- Information supplied -

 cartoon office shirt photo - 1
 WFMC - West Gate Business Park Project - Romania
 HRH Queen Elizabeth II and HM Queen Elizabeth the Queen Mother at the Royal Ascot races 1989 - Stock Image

- Task item -
An exact copy of all the material is what is needed.

- Answer space -
 cartoon office shirt photo - 1
 WFMC - West Gate Business Park Project - Romania
 HRH Queen Elizabeth II and HM Queen Elizabeth the Queen Mother at the Royal Ascot races 1989 - Stock Image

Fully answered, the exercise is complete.